There should be no pictures in your answer, only an exact copy of the lines from the one with "Trip Ideas food" through the end of the material.

Supplied material —
▬▬▬▬▬▬▬▬▬▬
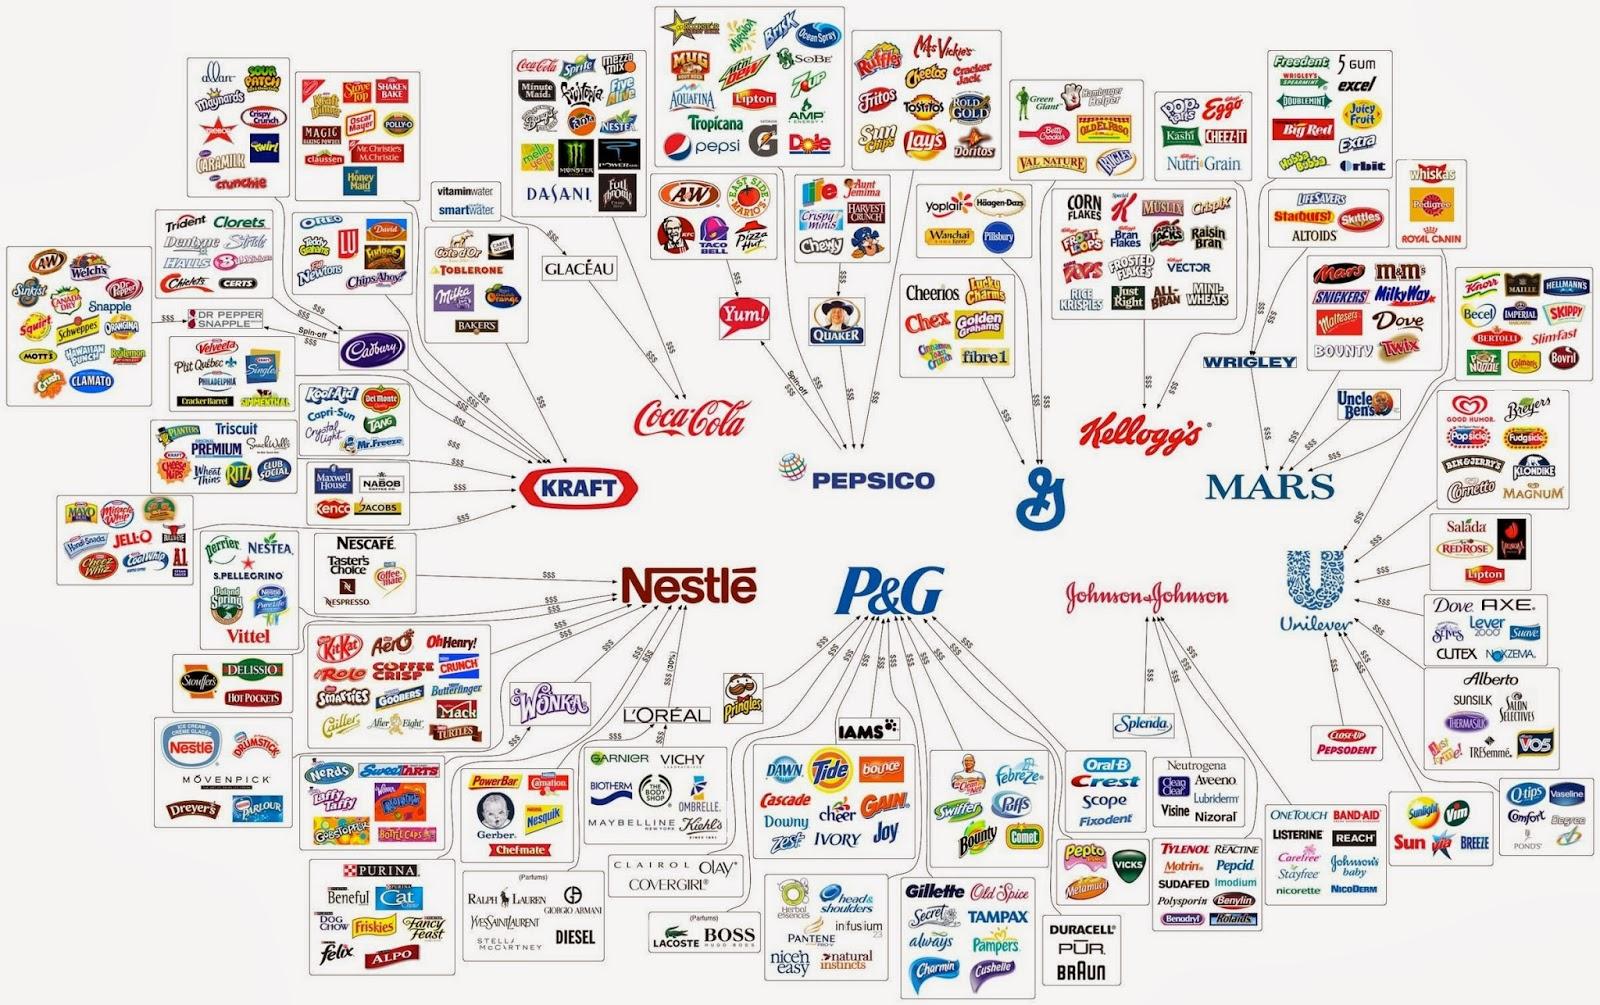 http://uk.businessinsider.com/10-companies-control-food-industry-2017-3/?r=AU&IR=T
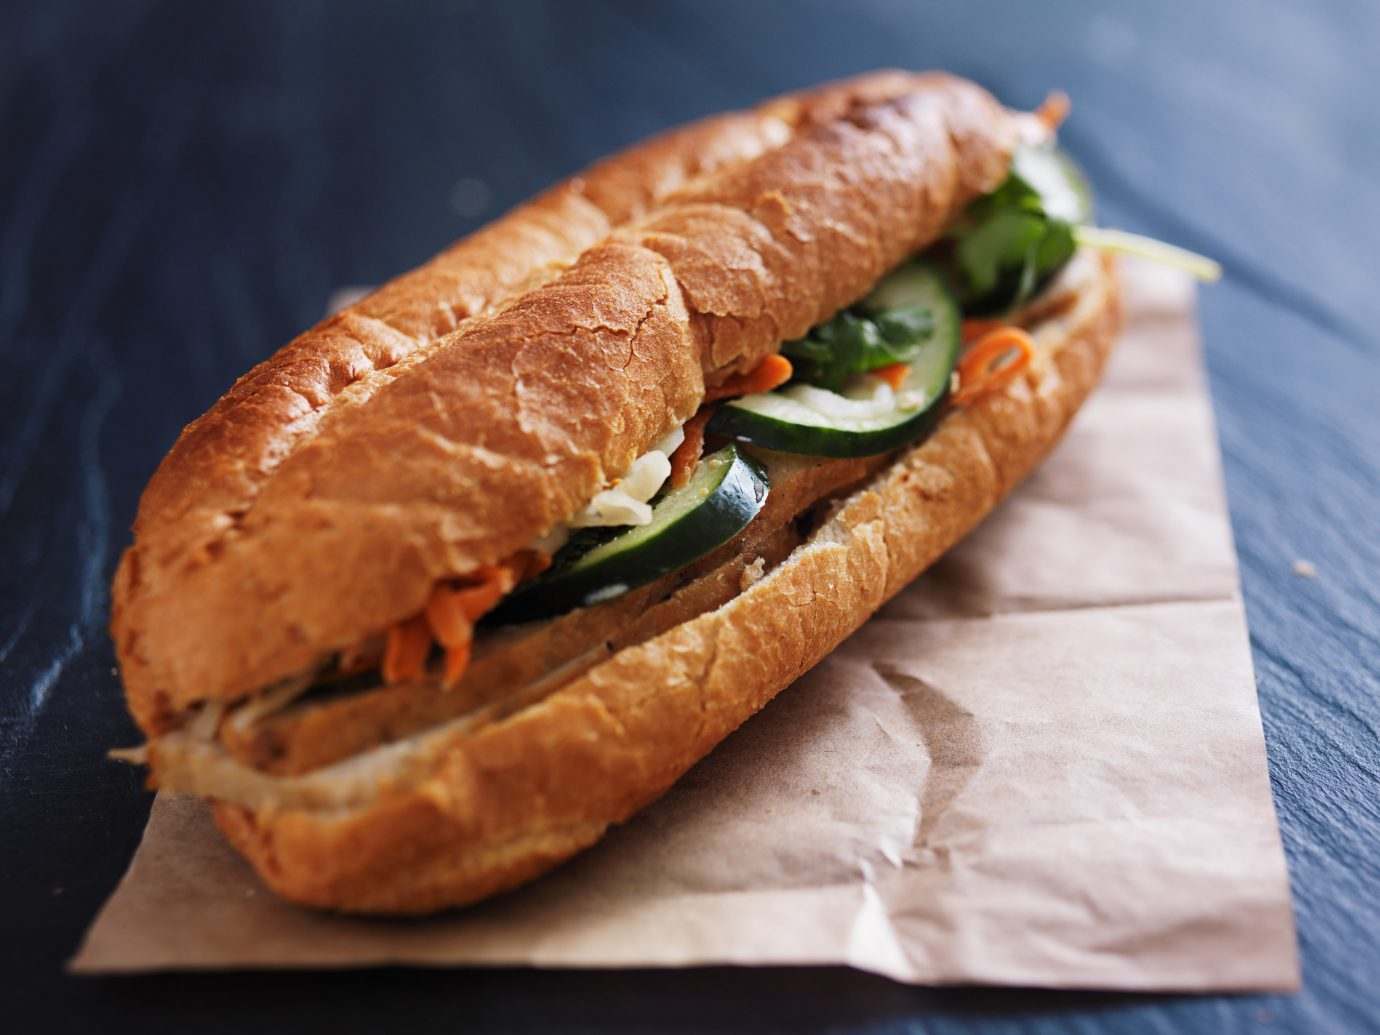 Trip Ideas food paper dish bánh mì snack food sandwich produce veggie burger meat ciabatta baguette close
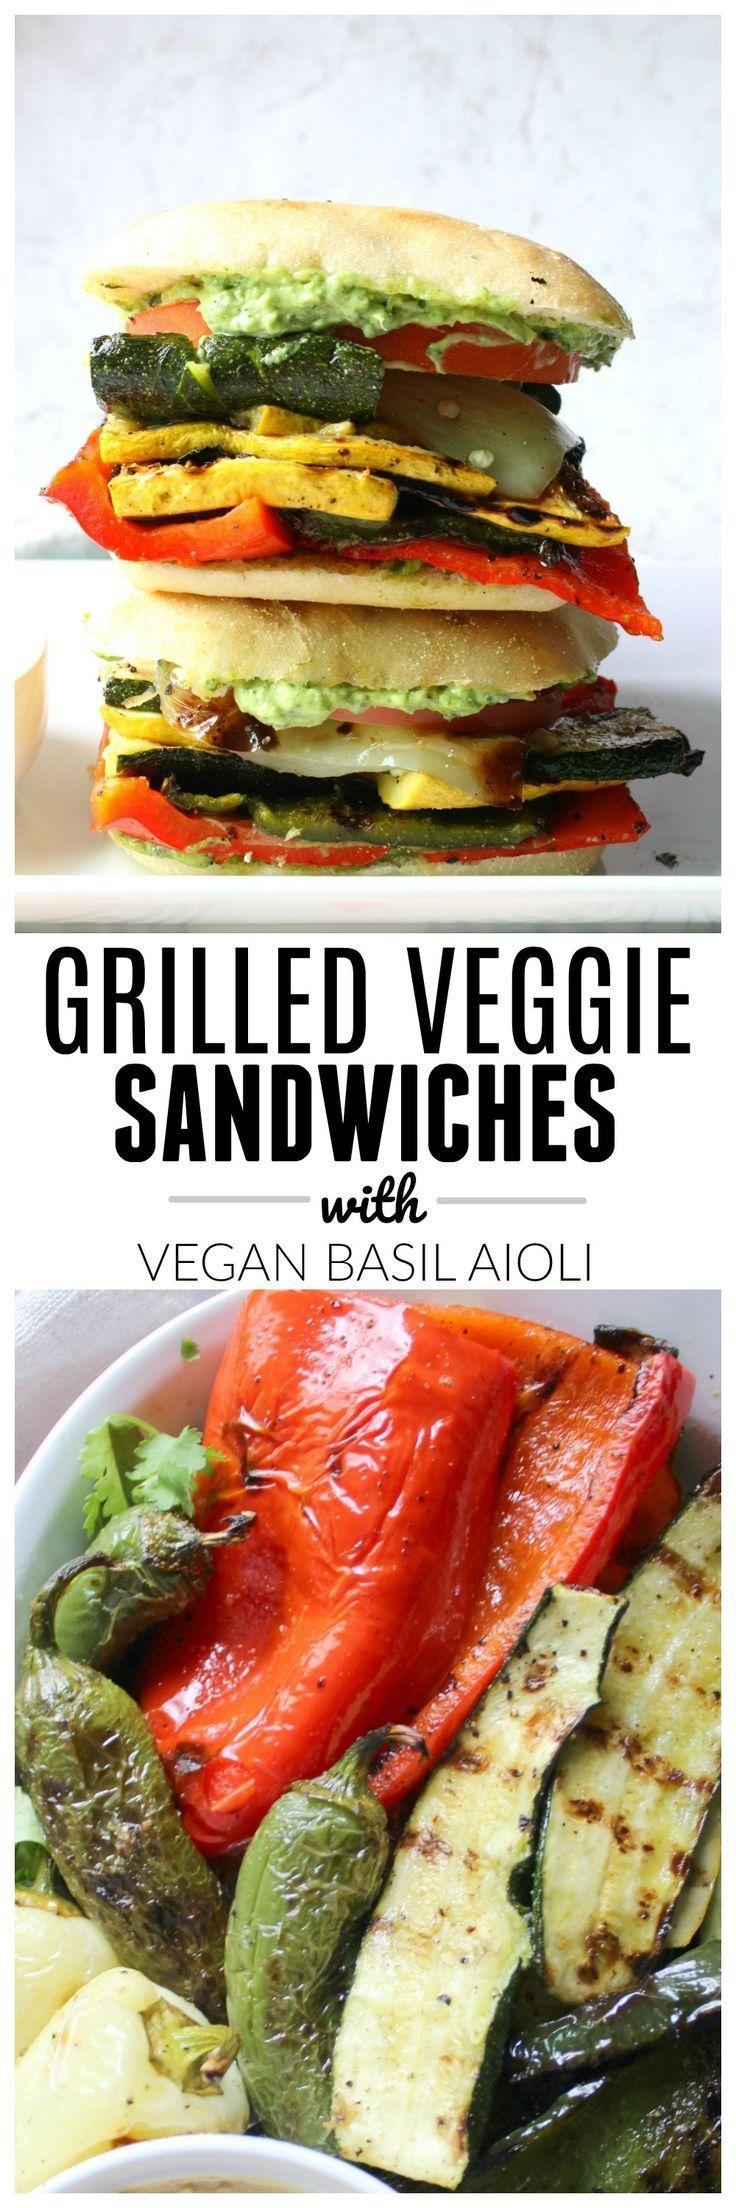 Grilled Veggie Sandwich with Vegan Basil Aioli
▬▬▬▬▬▬▬▬▬▬
Reply to the task —
 Trip Ideas food paper dish bánh mì snack food sandwich produce veggie burger meat ciabatta baguette close
 Grilled Veggie Sandwich with Vegan Basil Aioli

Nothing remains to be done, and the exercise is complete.